退職後14日以内に住所地の市区町村役場に届け出ることで国民健康保険に加入できる。任意継続を希望する場合は退職日から20日以内に元の健康保険組合・協会けんぽに申請する必要がある。いずれも期限を過ぎると選択肢が制限されるため、退職前から調べておくことが必要だ。
任意継続・国保・扶養の費用比較の考え方
3択の費用を単純に比較するのではなく「自分の退職後の収入・世帯状況」に基づいて計算することが正しい判断方法だ。任意継続の保険料は「退職前の標準報酬月額を基準に算定され、全額自己負担(会社負担分も含めて)になる」ため、現役時代の2倍程度の保険料になるケースが多い。ただし上限額が設けられており(2024年度の協会けんぽの上限は月約30,000円)、高収入だった場合は任意継続の方が保険料が安くなるケースがある。国民健康保険は「前年の所得」を基準に計算されるため、退職後に収入がゼロになっても退職した翌年度までは高い保険料になることがある。この点が最も誤解されやすい「国保の罠」だ。
「国保が高い」という罠——退職翌年の保険料問題
退職後に国民健康保険に切り替えた場合、最初の1年間(退職した年の翌年度)の保険料は「前年(在職中)の所得」を基準に計算される。例えば年収600万円で退職した場合、翌年度の国保保険料は高額になる可能性がある(自治体によって異なるが、年間30〜50万円程度になるケースがある)。これが「退職直後に国保に切り替えると保険料が高い」という問題だ。

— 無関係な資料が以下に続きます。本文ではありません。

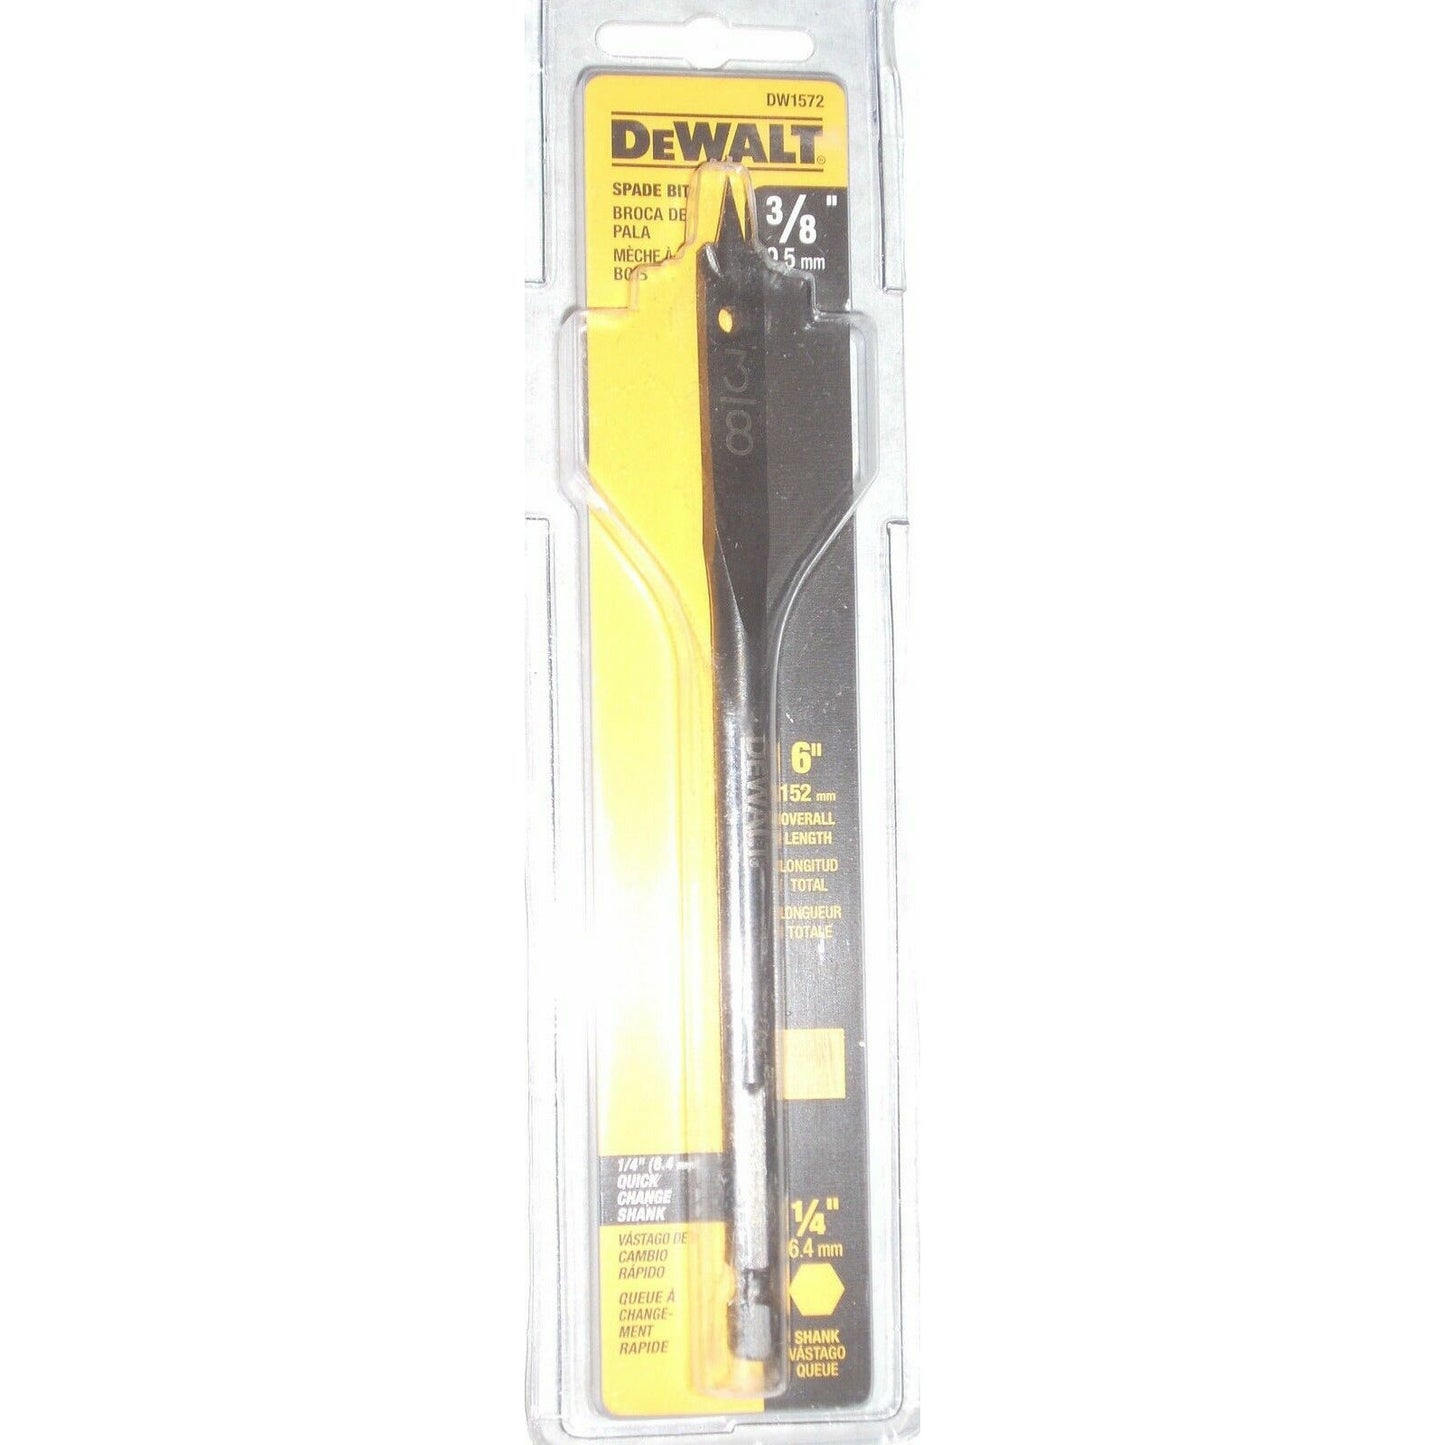 Dewalt DW1572 3/8" Spade Drill Bits 6" Long 1/4" Hex Drive

この場合は任意継続の方が保険料が低くなることが多い。一方で退職後に無収入・低収入が2年以上続く場合は、2年目以降の国保保険料が大幅に下がるため、任意継続から国保への切り替えが有利になる場面が来る。タイミングと収入状況を踏まえた計算が必要だ。
第2章:任意継続のメリット・デメリットと選ぶべき人
任意継続の具体的な仕組みと保険料計算
任意継続被保険者制度の保険料は「退職時の標準報酬月額または加入する健康保険の平均標準報酬月額のいずれか低い方」に保険料率を掛けて算出する。協会けんぽの保険料率は都道府県によって異なるが、例えば東京都は10.00%(2024年度)だ。退職前の月収が40万円(標準報酬月額)の場合、任意継続の保険料は月約40,000円(40万円×10%)となる。ただし協会けんぽには上限があり、標準報酬月額の上限は30万円(2024年度)のため、任意継続の保険料は月最大30,000円程度になる。つまり退職前の月収が高い人ほど任意継続が有利になる。
任意継続の大きなデメリットは「2年間は原則として解約できない」という点だ。途中で国保の方が有利になった場合でも、任意継続の保険料を滞納しない限り切り替えができない(2022年の制度改正で保険料が上がった場合は任意で脱退できる要件が加わったが条件がある)。2年後に国保への切り替えが必要になるため、2年後の国保保険料も事前に試算しておくことが必要だ。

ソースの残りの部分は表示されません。